> [WHAT YOU WILL DO]:
An exact transcription is needed, beginning at the line with "Fotomural a medida" and ending at the last line of the listing, with pictures left out and nothing else added.

> [MATERIAL PROVIDED]:
● ● ● ●

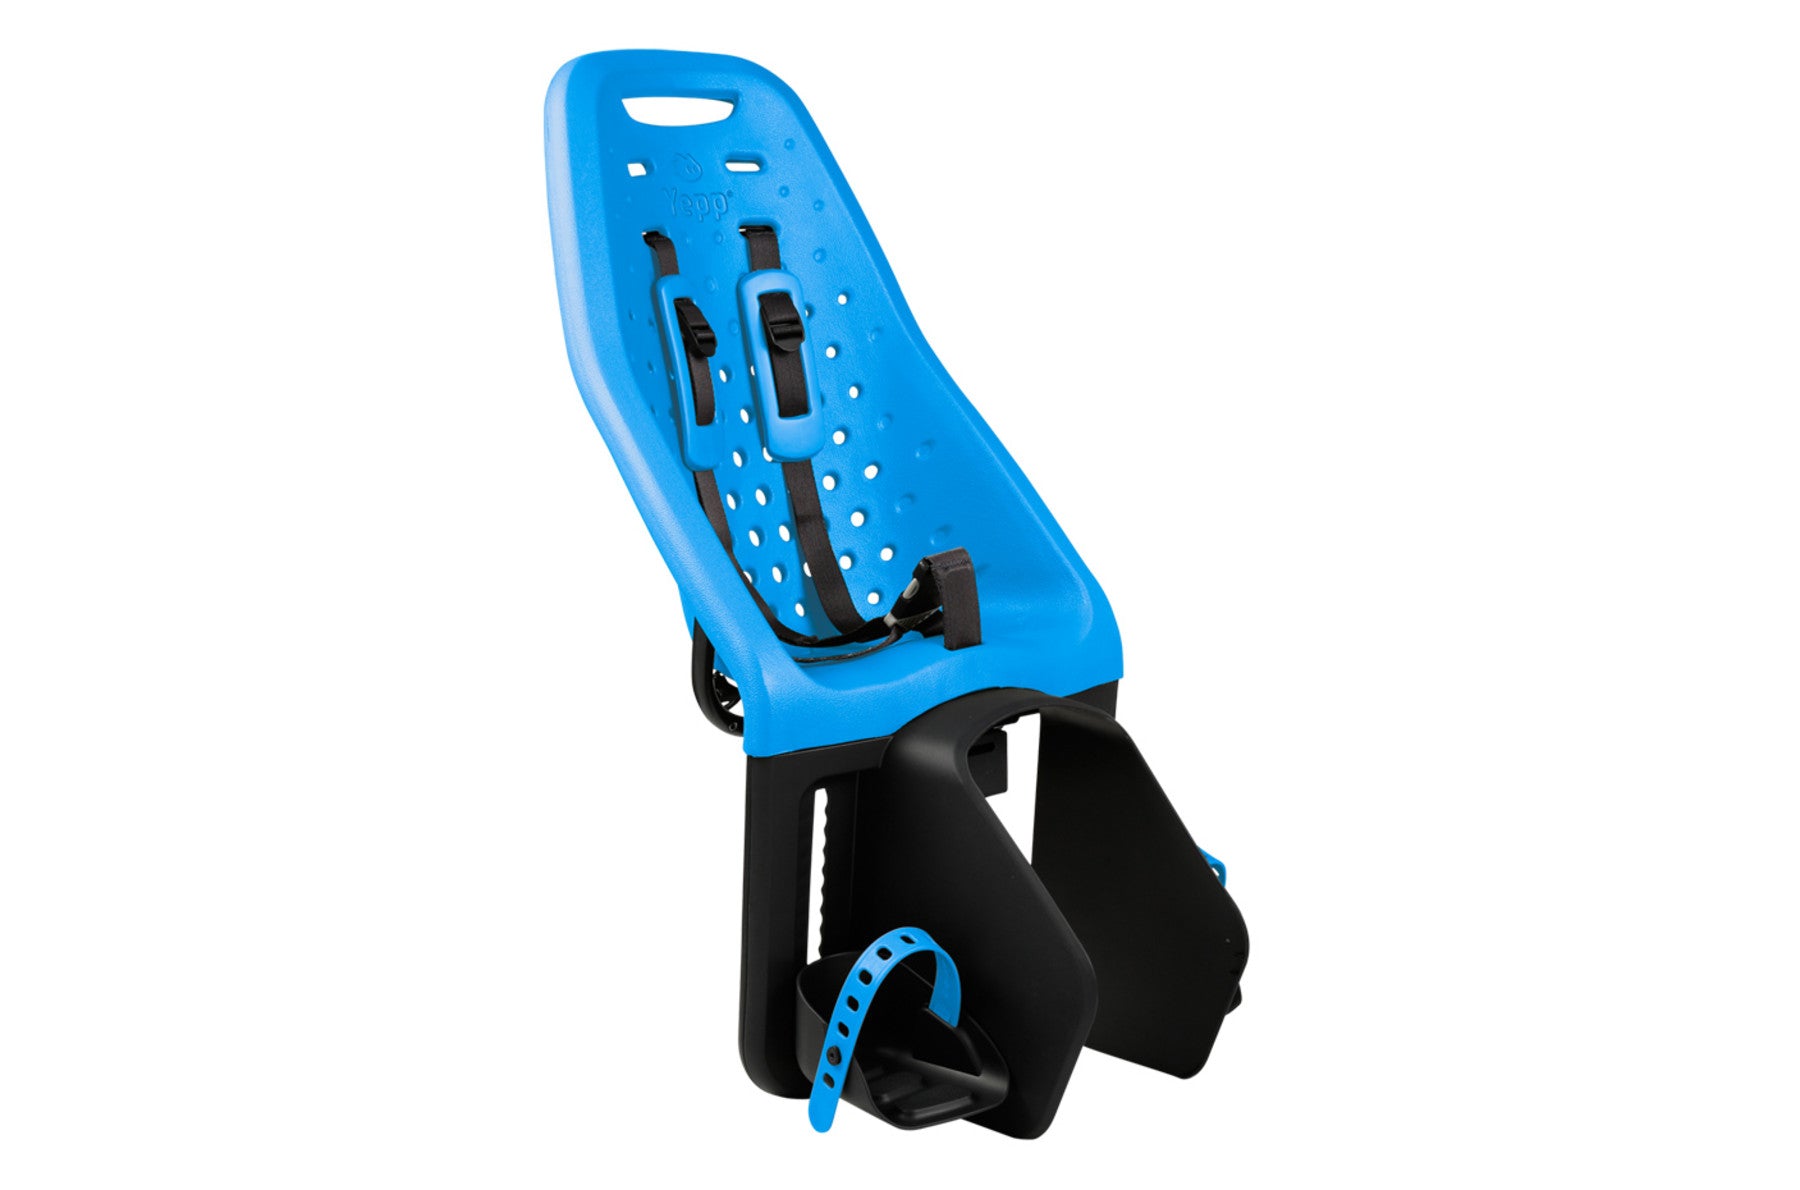 yepp bike seat adapter
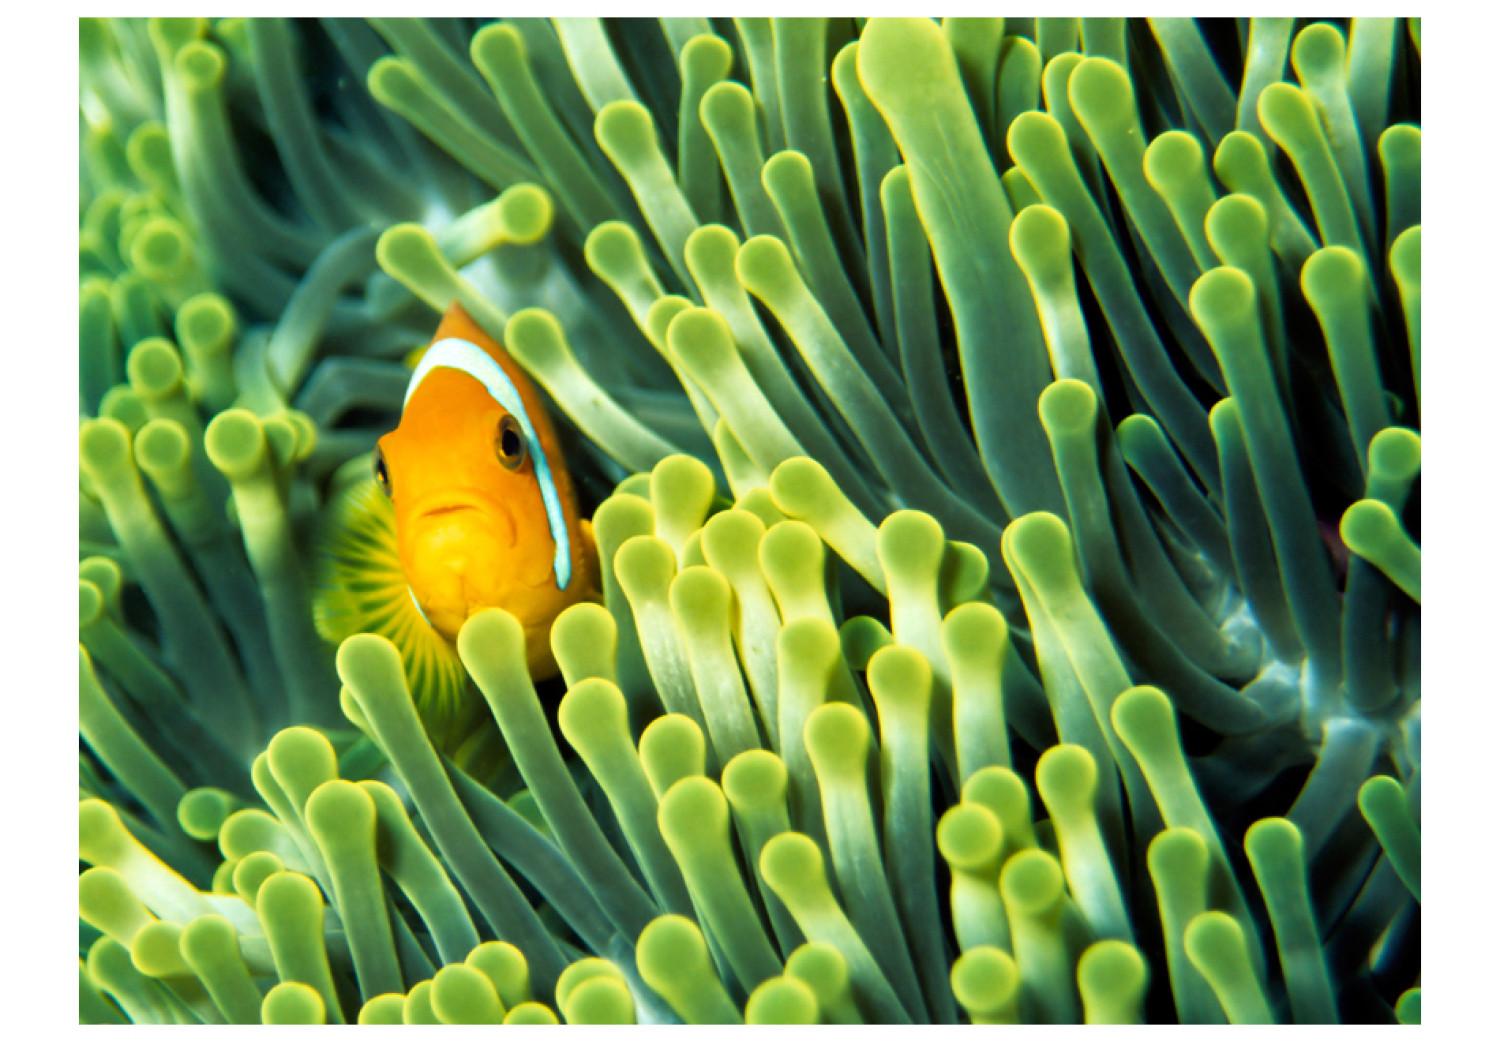 Fotomural a medida Naturaleza marina - pez payaso entre arrecife coralino verde
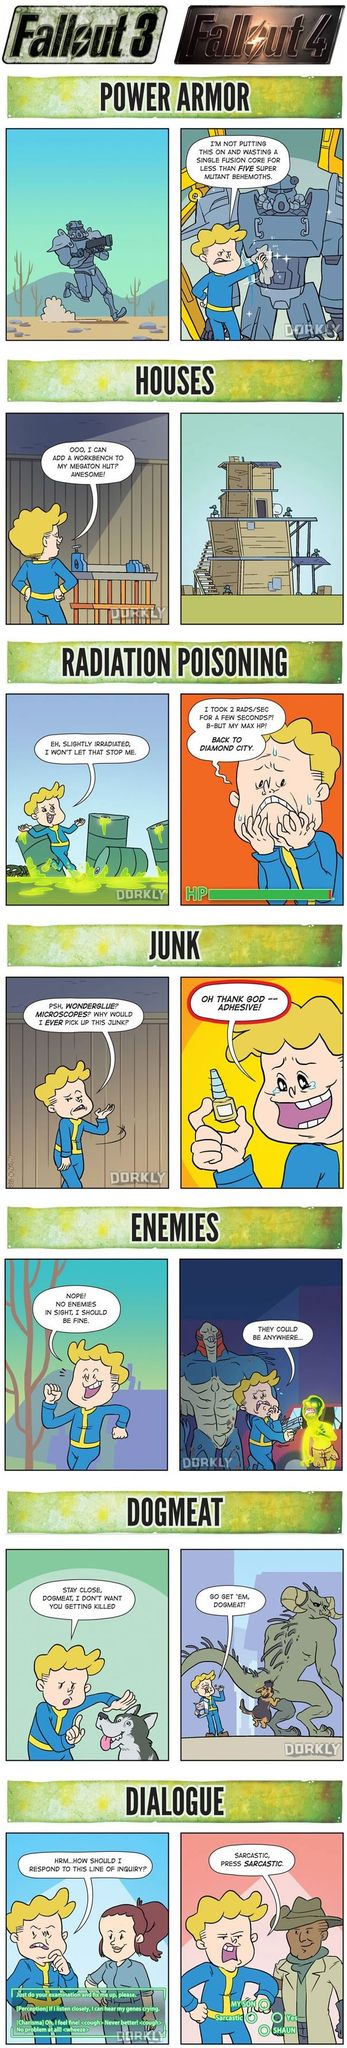 Fallout 3 VS Fallout 4 - meme

● ● ● ●

> [TASK RESULT]:
 Fotomural a medida Naturaleza marina - pez payaso entre arrecife coralino verde
 Fallout 3 VS Fallout 4 - meme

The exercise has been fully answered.